Anyway you want to look it a perfect competition free market would probably benefit more the have-not than the haves , so I don't expect competition to really start between big players anytime soon.

But you can have all the competition you want and die competing, it's honorable , so said the tupperware salesman.
posted by elpapacito at 4:08 AM on December 18, 2006


the house (in this case, the insurance industry) wants to brand those skilled and bright enough to exploit these mechanisms, evil doers

That "bets" link above strongly implies the insurance companies don't care, since "they get to book more policies and collect more premiums."

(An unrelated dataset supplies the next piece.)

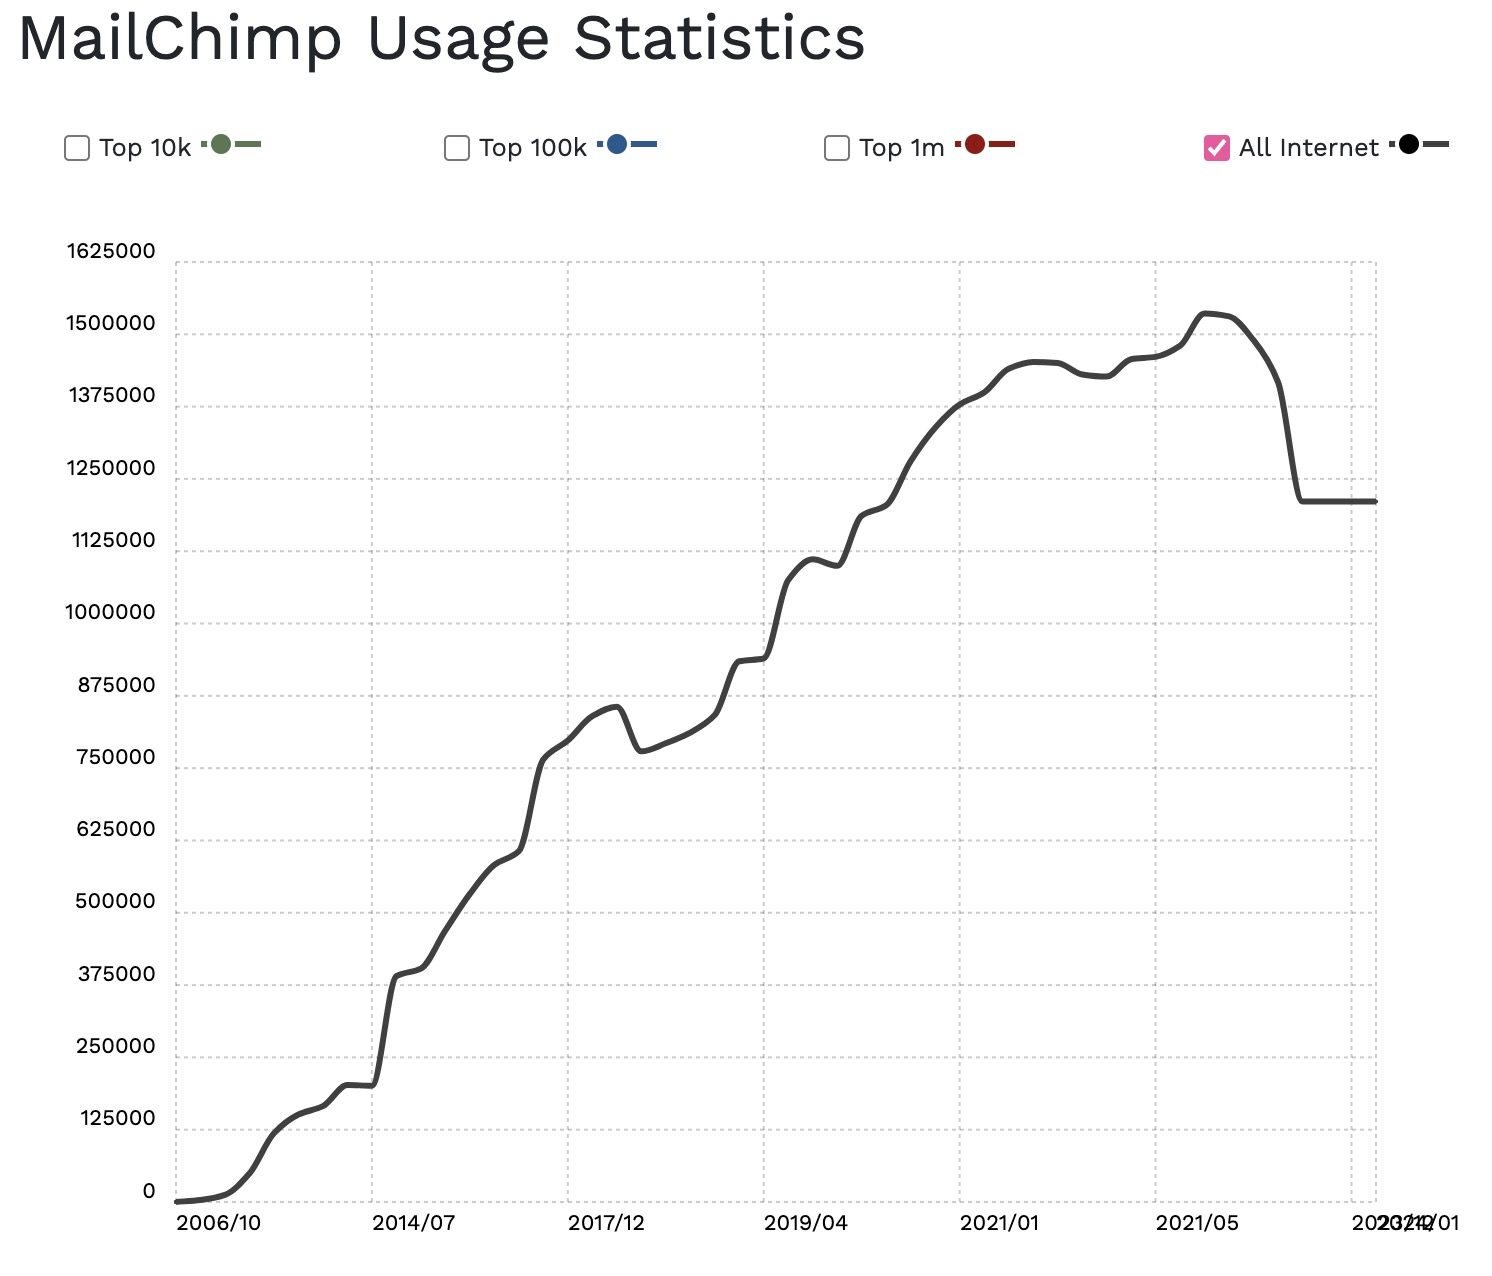 A line graph showing Mailchimp usage has gone up over the years but dipped around 2021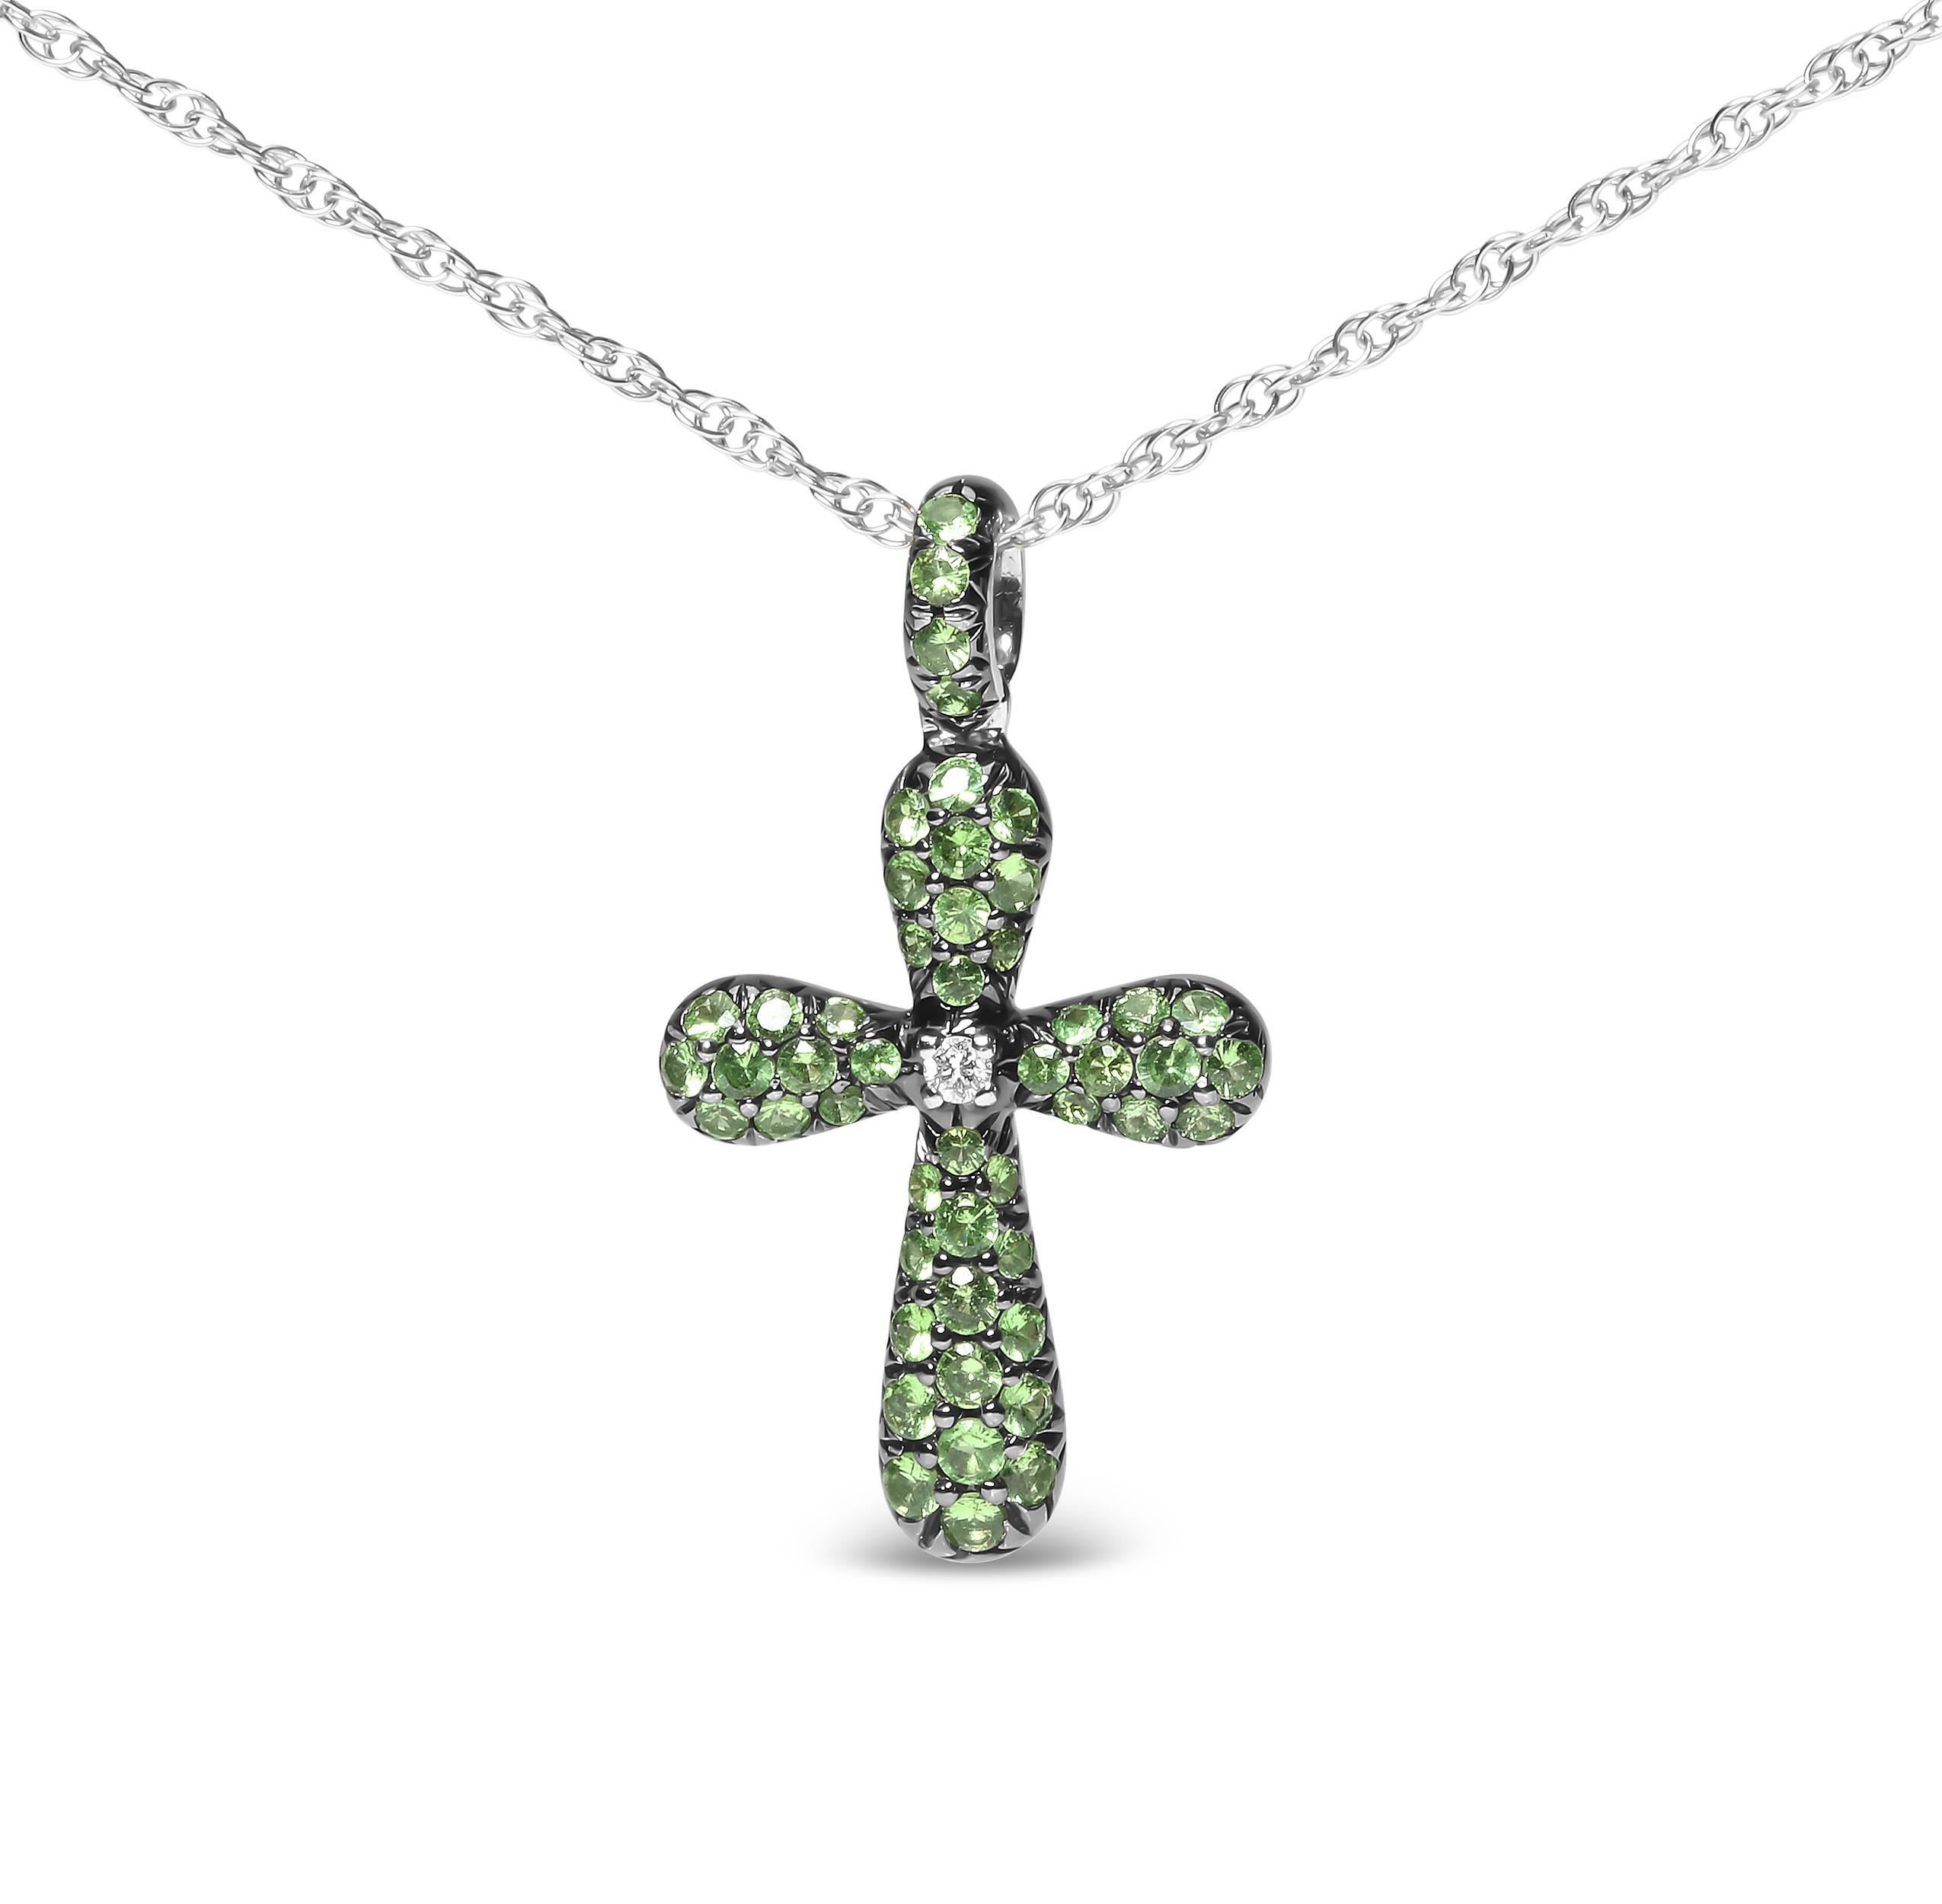 Give your ensembles a distinctive look by adding this faith-statement cross pendant necklace made of black rhodium plated 18k white gold. The cross silhouette is comprised of natural 1.6 x 1.6mm round heat-treated green tsavorite gemstones,

Otherwise the next of kin can be expected to provide resistence.

If they find out about it. If some of these companies are using sleazy, confusing or coercive techniques to take advantage of elderly folks, it's likely that "your kids don't need to know" is part of the approach.
posted by mediareport at 6:41 AM on December 18, 2006


Cypherpunks may recall Jim Bell's Assasination Politics idea.